**WHAT TO DO**. Repeat the data below in full. Pictures must not be part of the copy.

**INPUT DATA**.
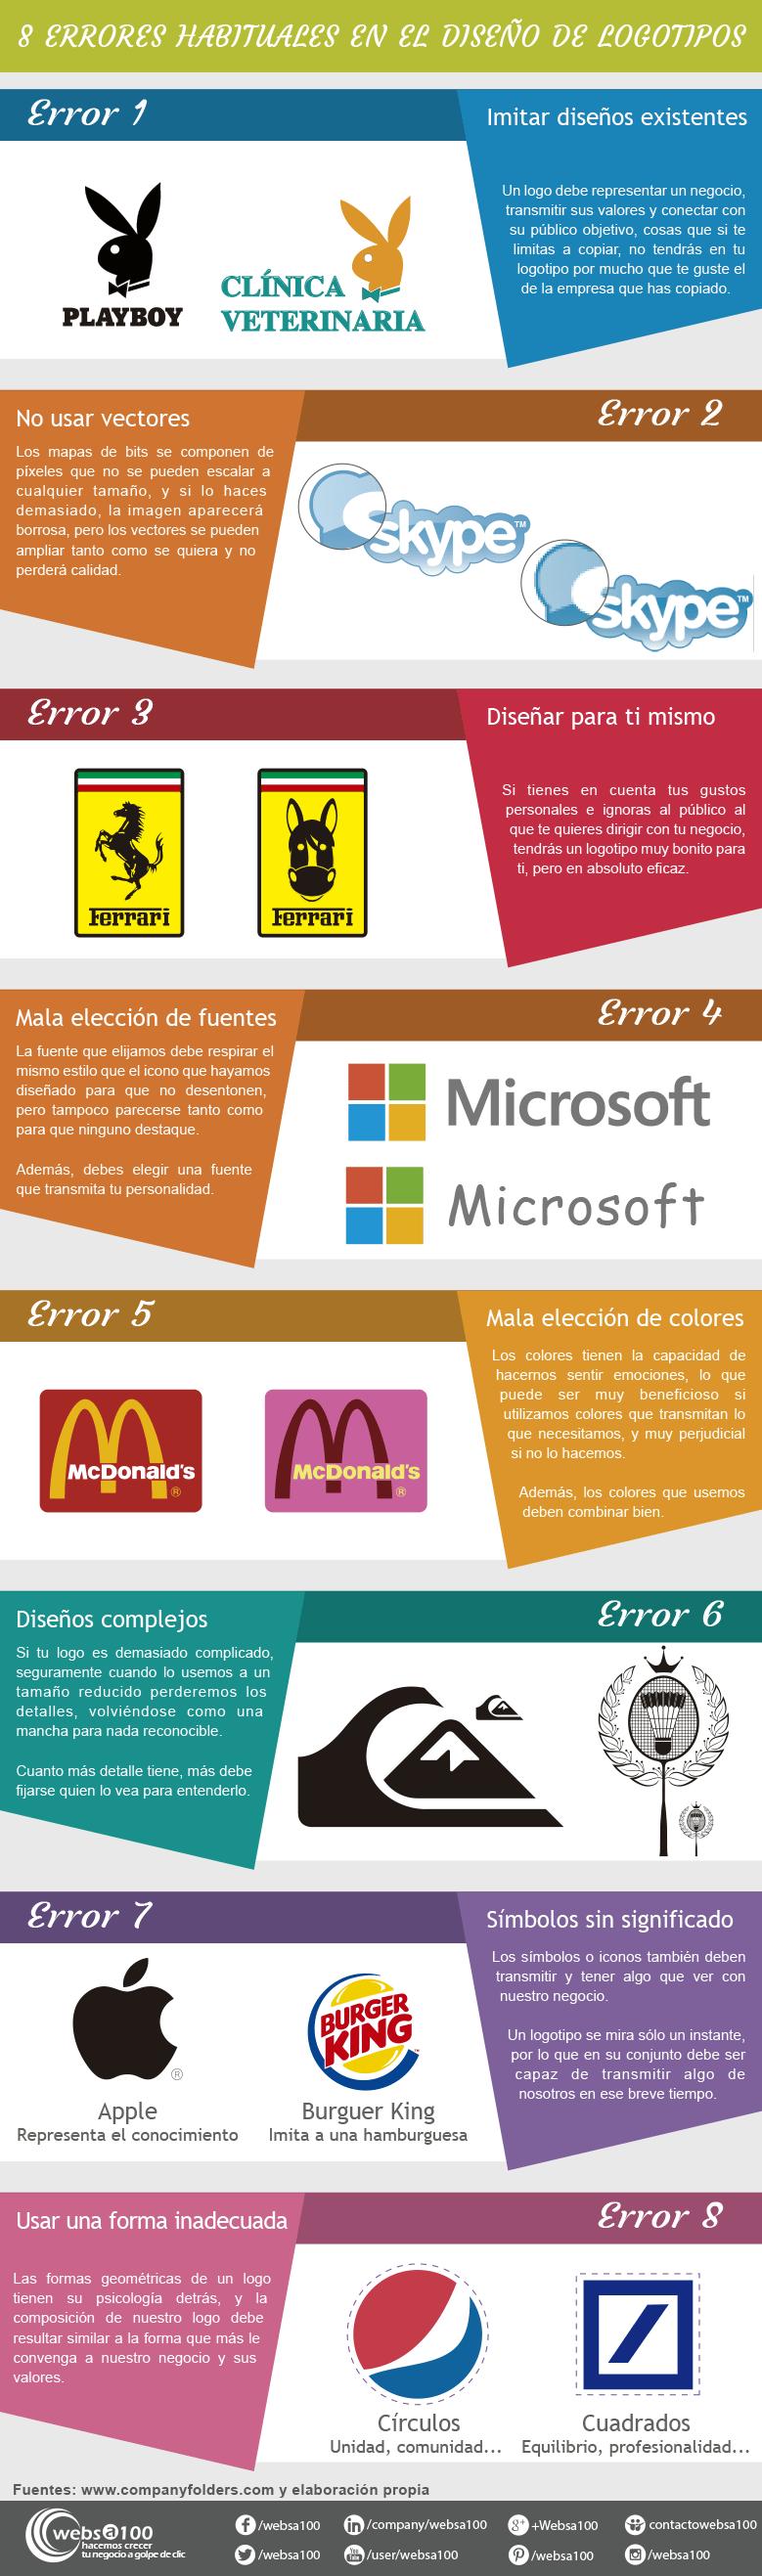 Infografía con errores en el diseño de logotipos
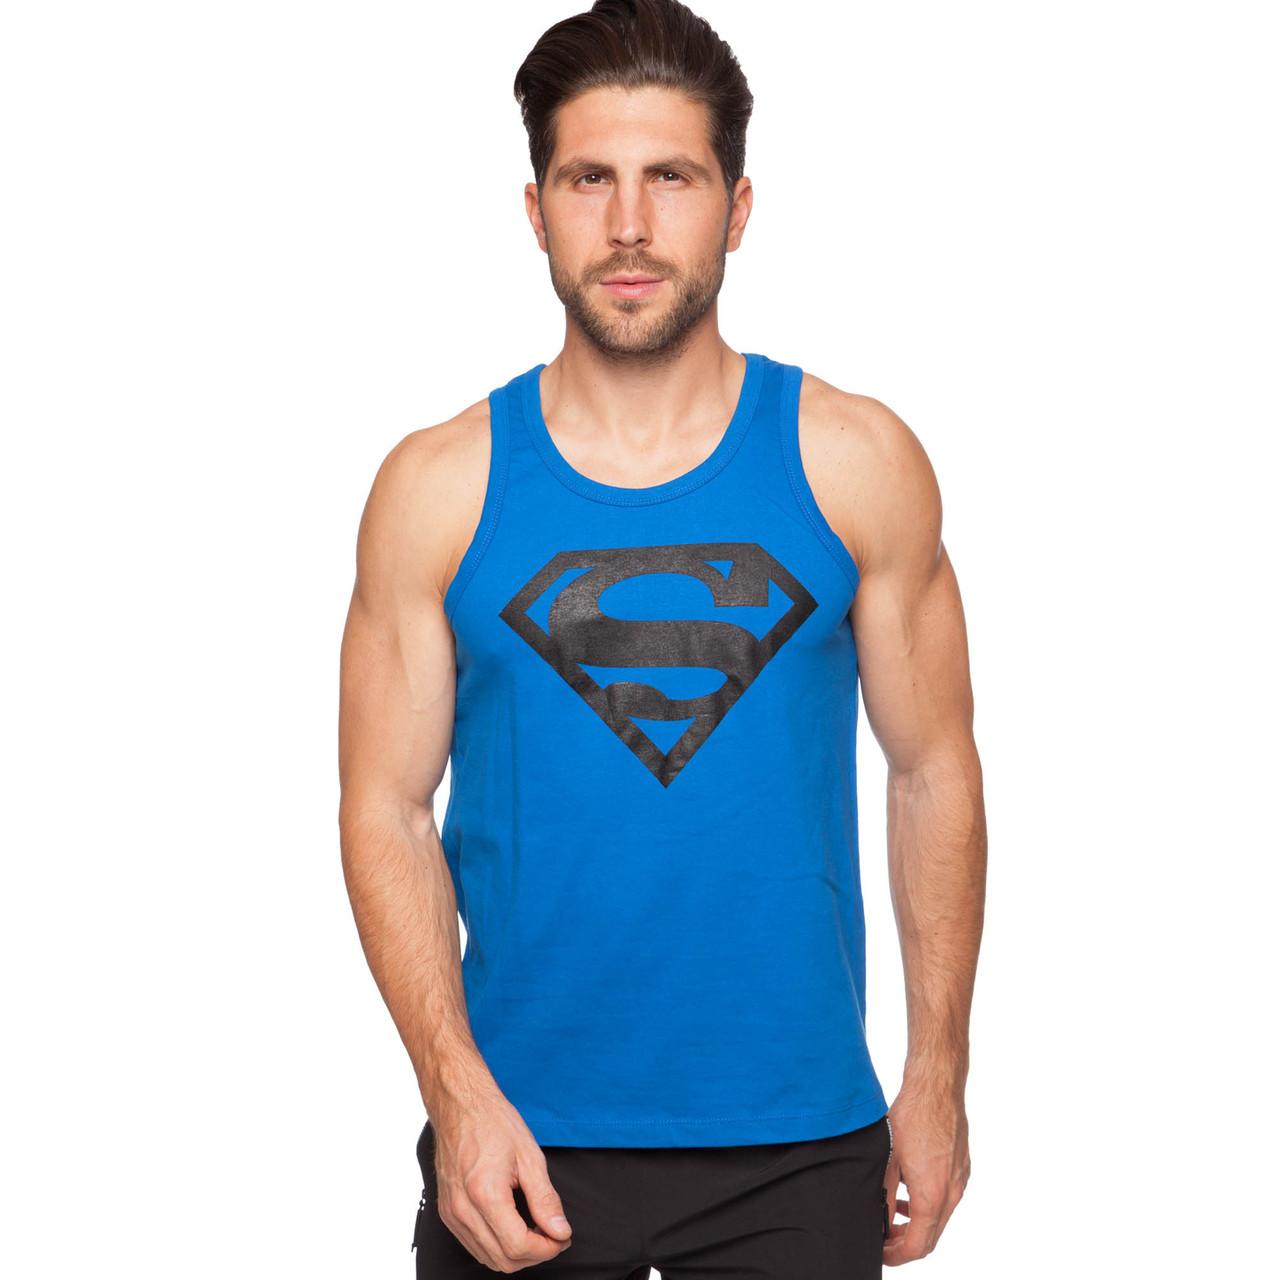 Майка борцовка спортивная мужская SUPERMAN размер S-XL-42-54 Синий S (42-44) PZ-CO-5890_1
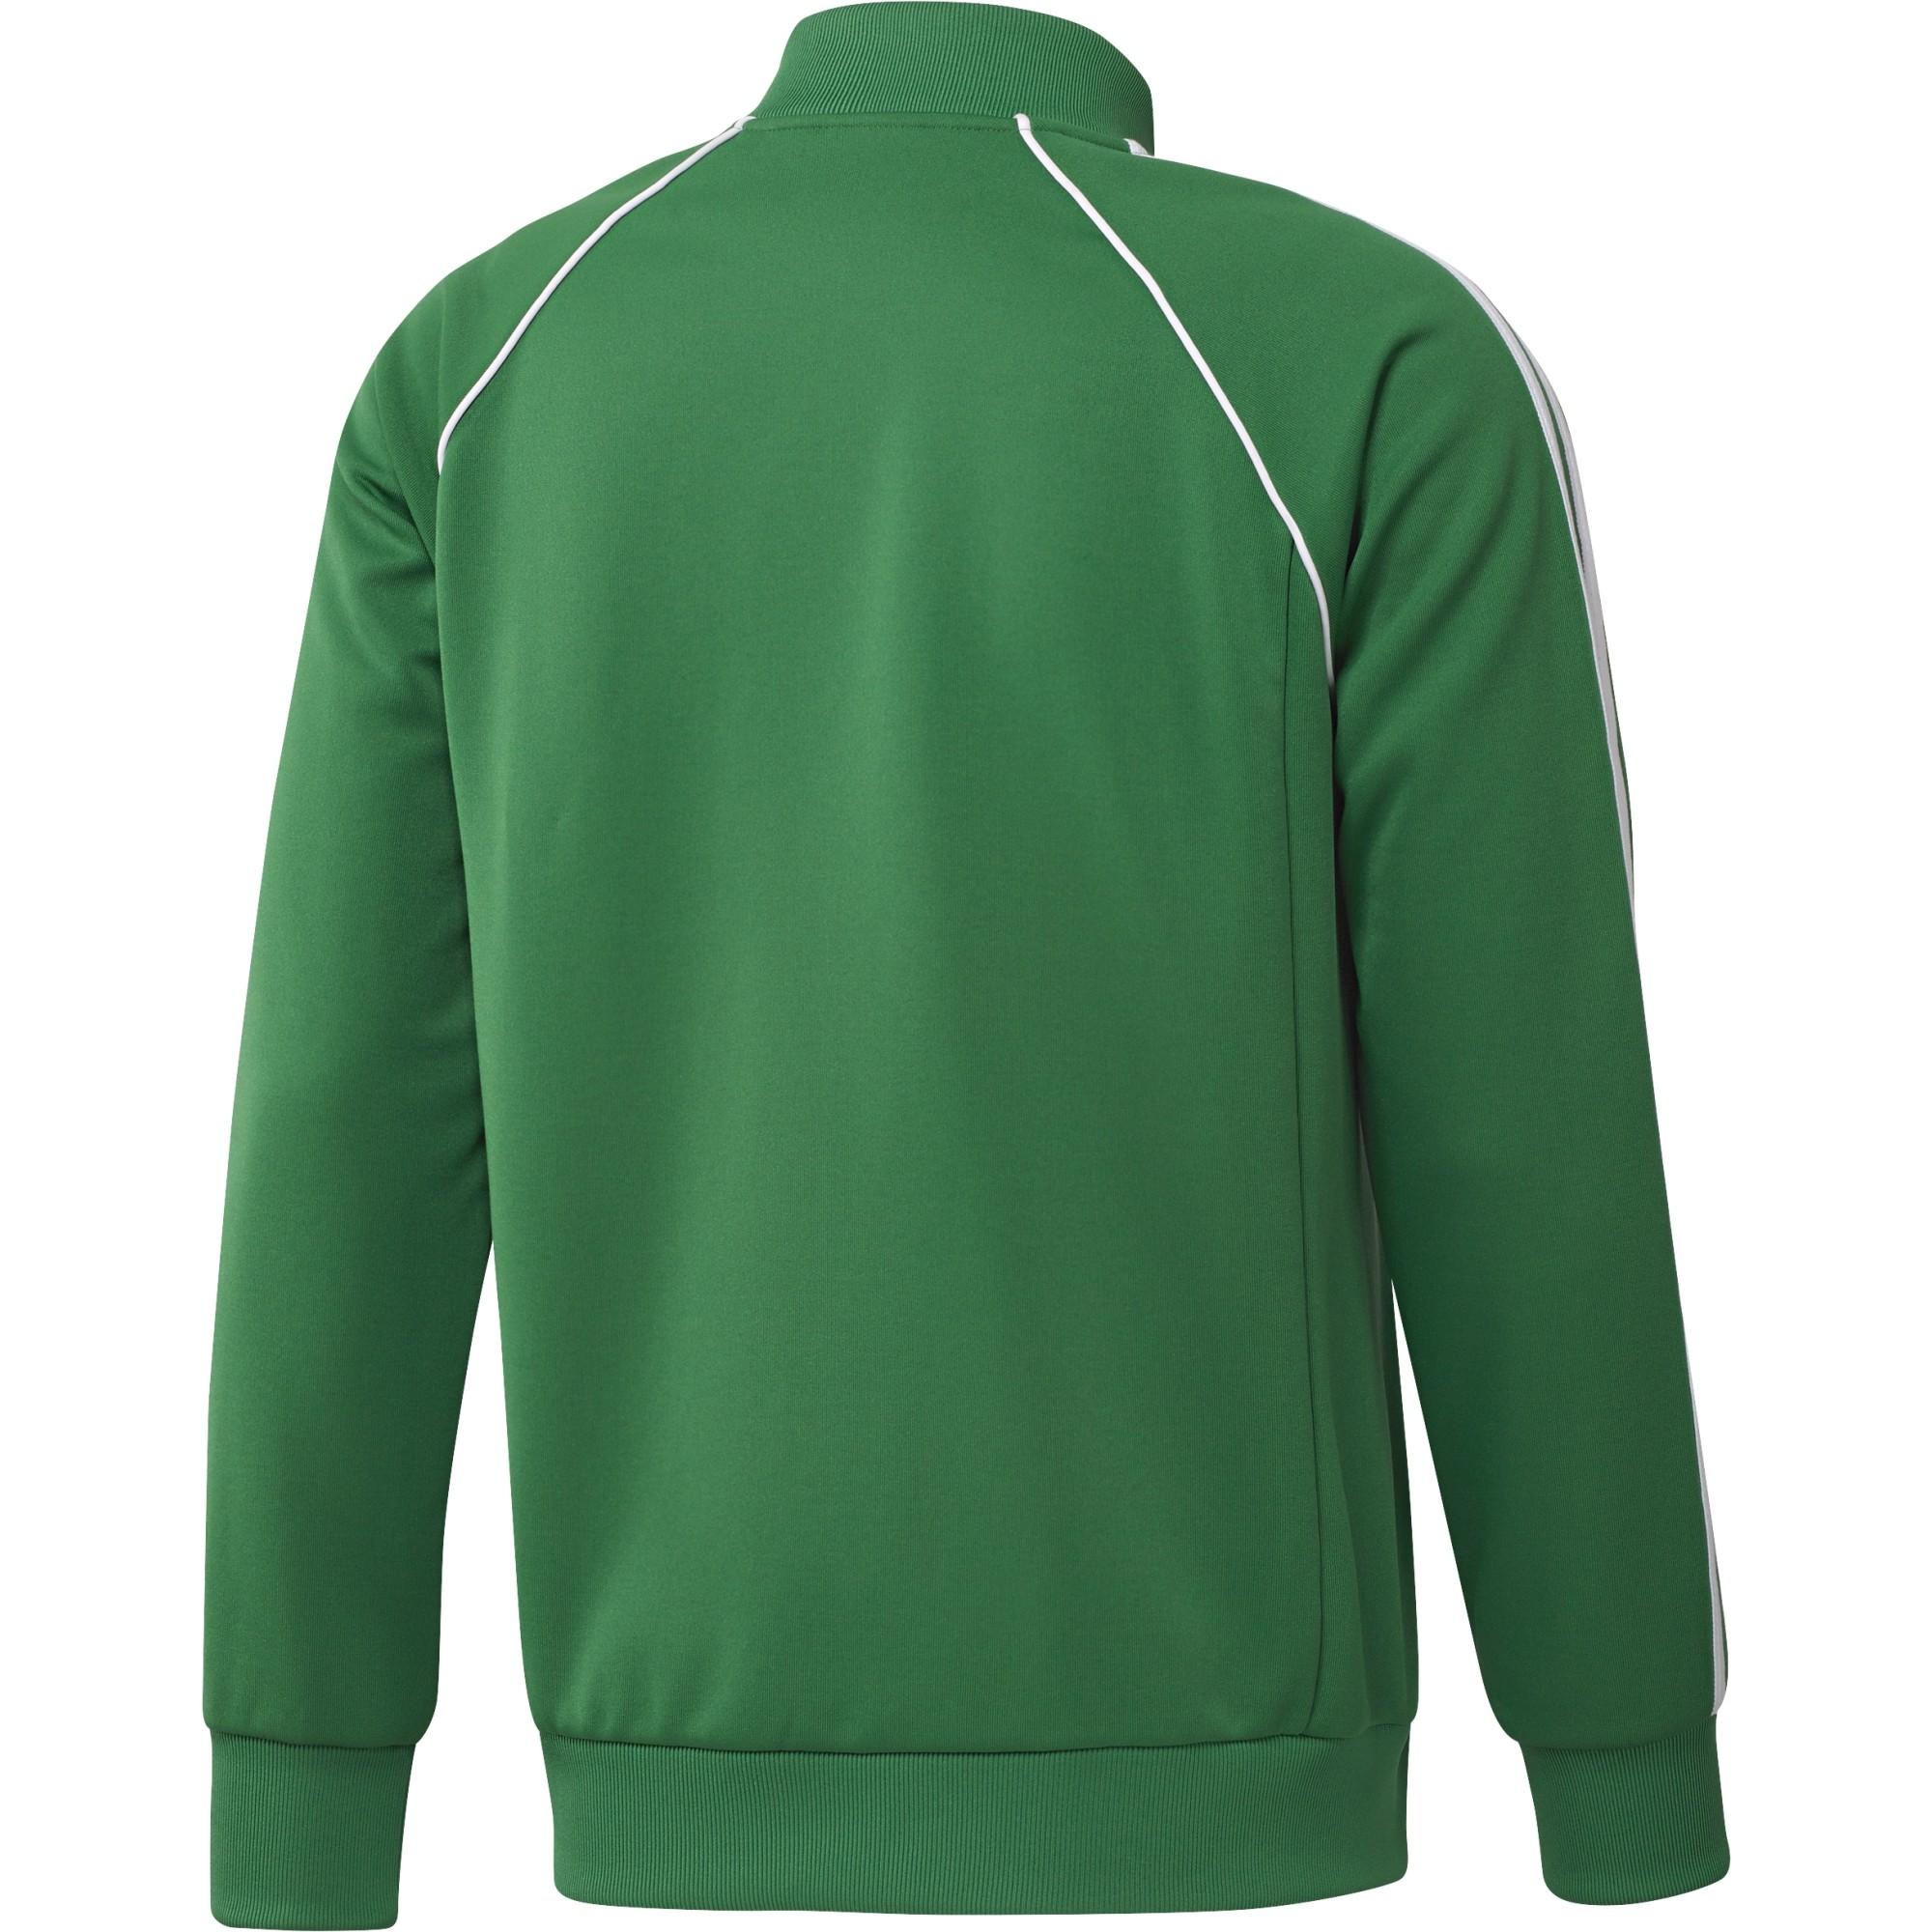 b33dc4e7c006f Verde Hombre Moya Tt Sst Venta Deportes De Sudadera Adidas X7w1CxfqH

**FINISHED EXERCISE**.
 Infografía con errores en el diseño de logotipos
 Майка борцовка спортивная мужская SUPERMAN размер S-XL-42-54 Синий S (42-44) PZ-CO-5890_1
 b33dc4e7c006f Verde Hombre Moya Tt Sst Venta Deportes De Sudadera Adidas X7w1CxfqH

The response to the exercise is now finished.